The Green Organic Dutchman Holdings Ltd. (the “Company” or “TGOD”) (TSX:TGOD) (US:TGODF) is pleased to announce that it has entered into an agreement with a syndicate of underwriters led by Canaccord Genuity Corp. (the “Underwriters”) pursuant to which the Underwriters have agreed to purchase, on a bought deal basis pursuant to the filing of a short form prospectus, an aggregate of 10,950,000 units (the “Units”) at a price of $6.85 per Unit (the “Offering Price”) for aggregate gross proceeds to the Company of $75,007,500 (the “Offering”).
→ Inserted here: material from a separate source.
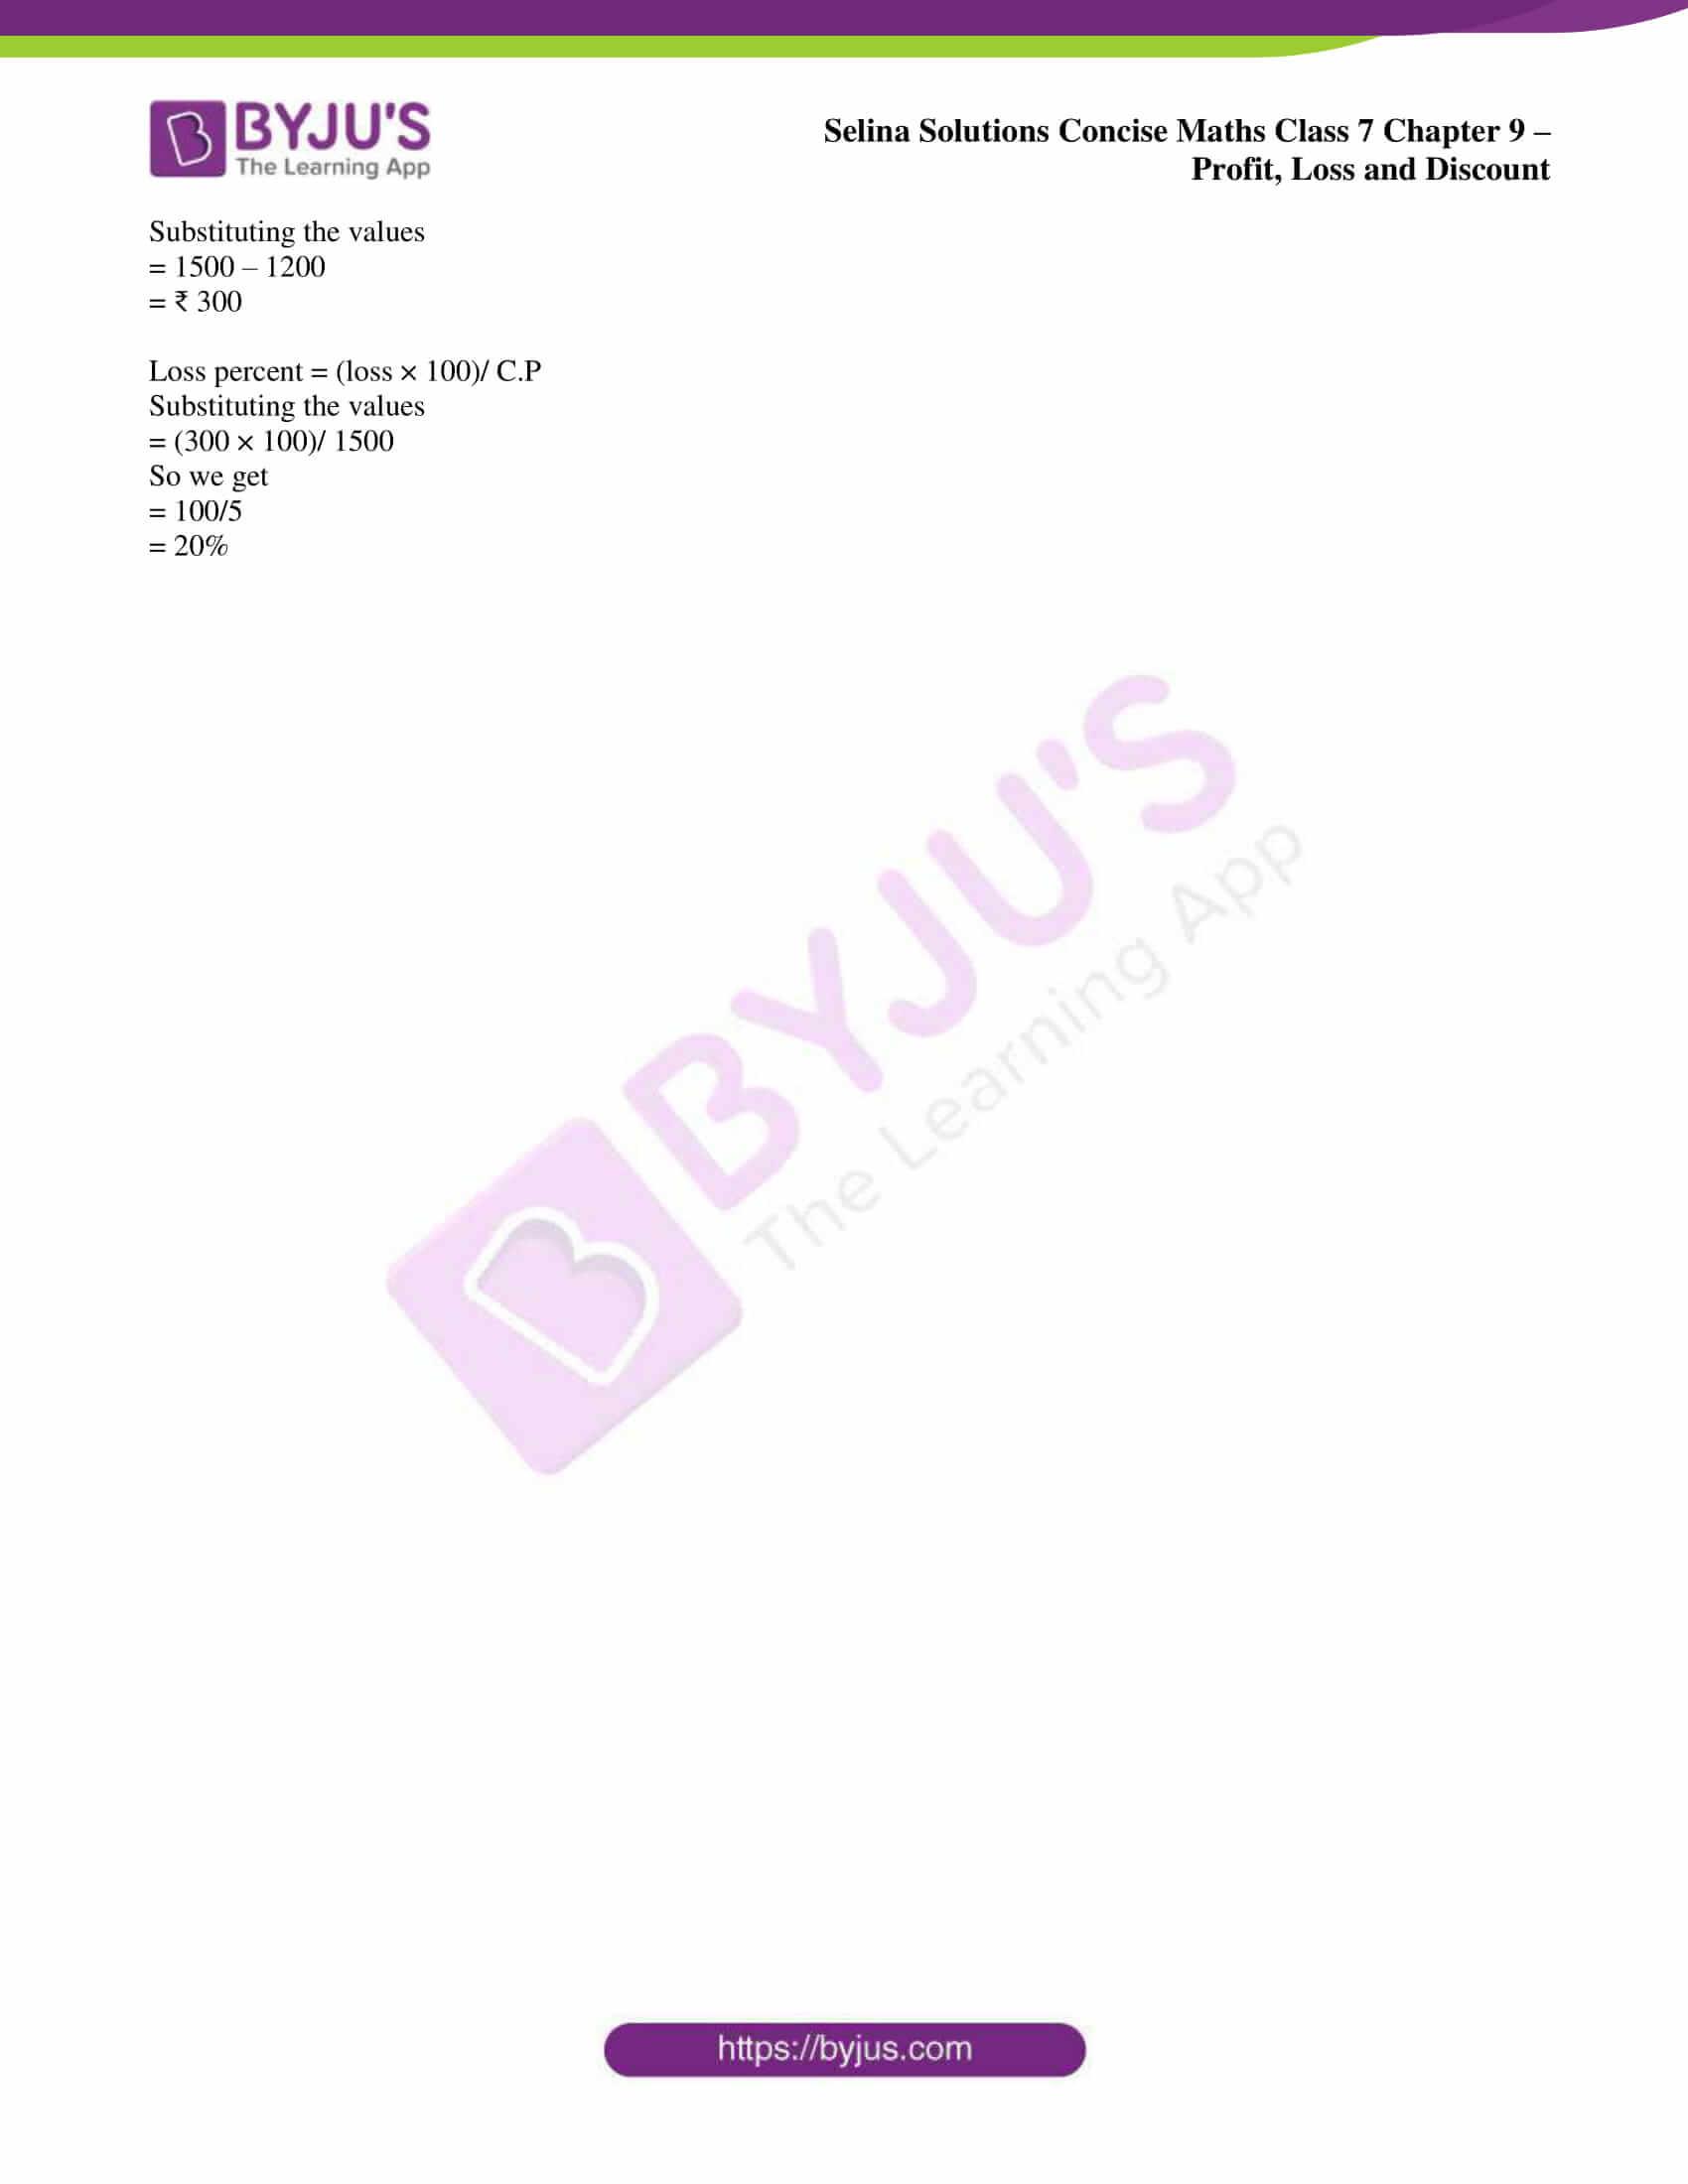 selina sol concise maths class 7 ch9 ex 9a 6
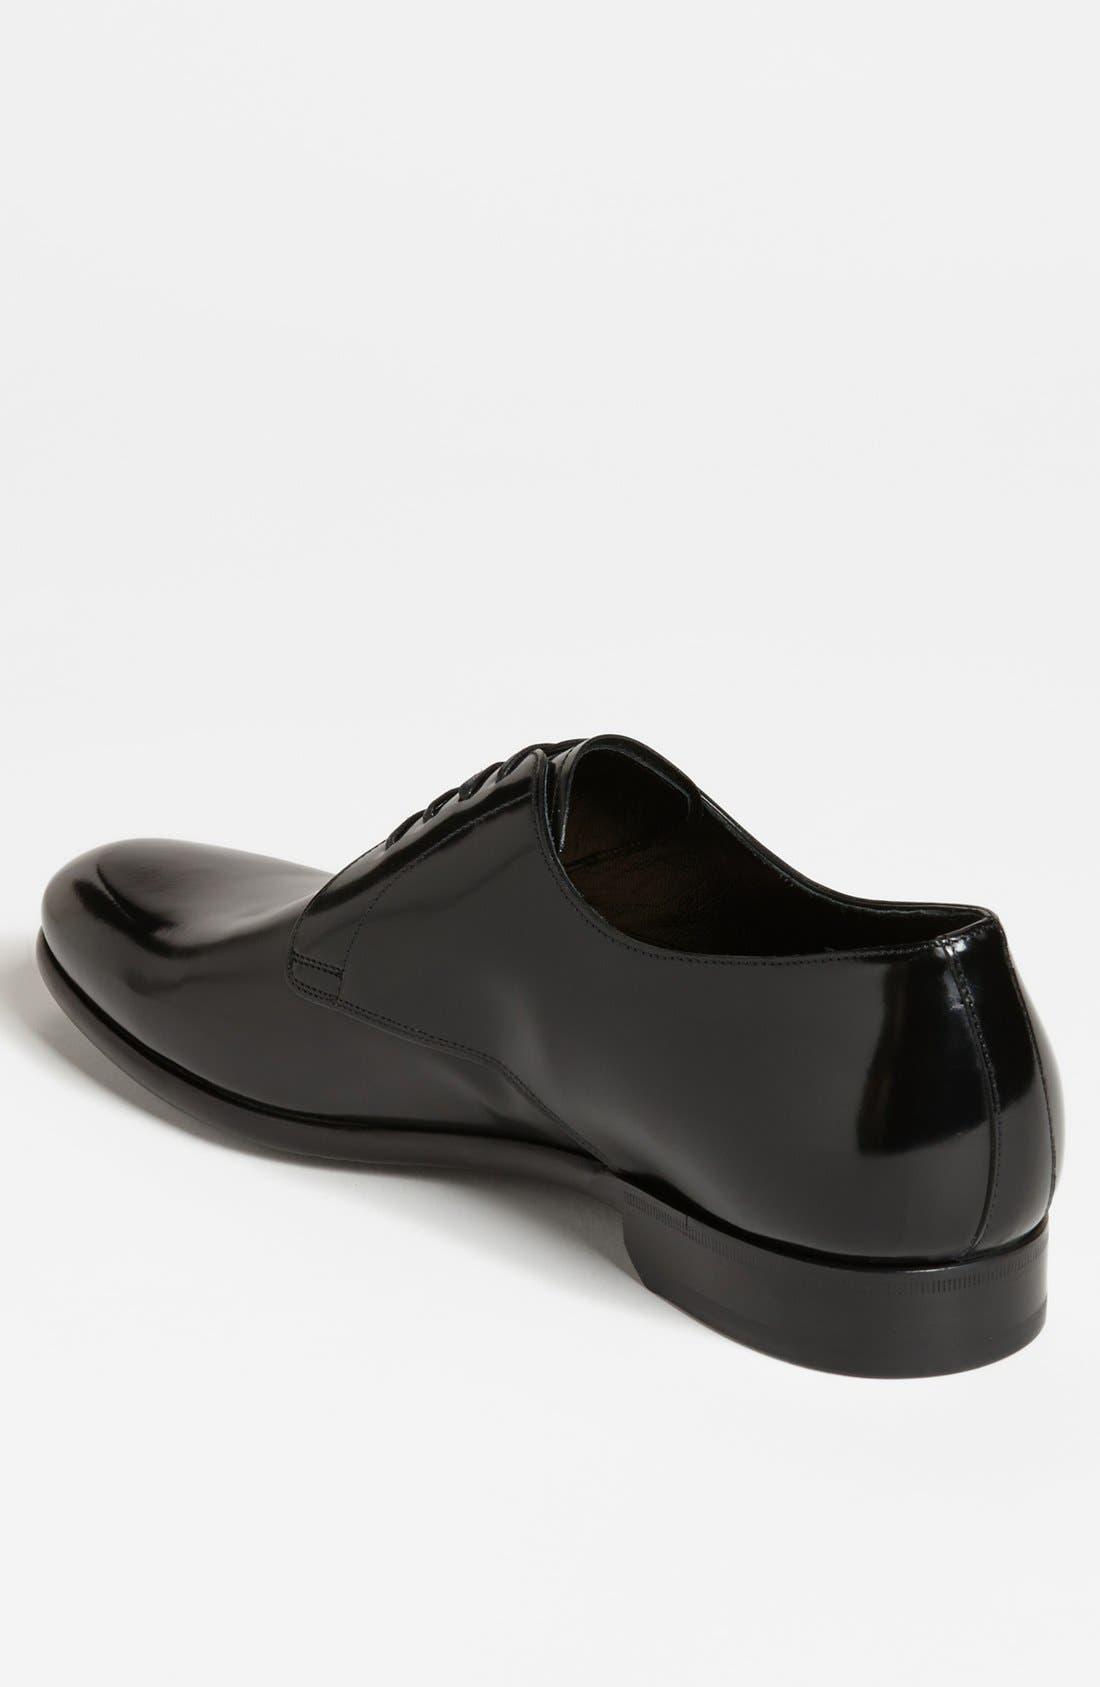 Alternate Image 2  - Dolce&Gabbana 'Napoli' Plain Toe Derby

Each Unit will consist of one common share of the Company (a “Common Share”) and one Common Share purchase warrant (each whole Common Share purchase warrant, a “Warrant”). Each Warrant will be exercisable to acquire one Common Share (a “Warrant Share”) for a period of 30 months following the closing of the Offering (the “Closing”) at an exercise price of $9.00 per Warrant Share.
The Company has granted the Underwriter an option (the “Over-Allotment Option”), to purchase up to an additional 1,642,500 Units at a price of C$6.85 per Unit, exercisable at any time, for a period of 30 days after and including the Closing Date. The Over-Allotment Option is exercisable to acquire Units, Common Shares and/or Warrants (or any combination thereof) at the discretion of the Underwriter.
The net proceeds of the Offering will be used for the Company’s international expansion initiatives and general corporate purposes.
The Units will be offered by way of a short form prospectus to be filed in all provinces of Canada except Quebec. The Offering is expected to close on October 17, 2018 and is subject to certain conditions including, but not limited to, the receipt of all necessary regulatory and stock exchange approvals, including the approval of the Toronto Stock Exchange and the applicable securities regulatory authorities.
The securities being offered have not been, nor will they be, registered under the United States Securities Act of 1933, as amended, and may not be offered or sold in the United States or to, or for the account or benefit of, U.S. persons absent registration or an applicable exemption from the registration requirements. This news release will not constitute an offer to sell or the solicitation of an offer to buy nor will there be any sale of the securities in any state in which such offer, solicitation or sale would be unlawful.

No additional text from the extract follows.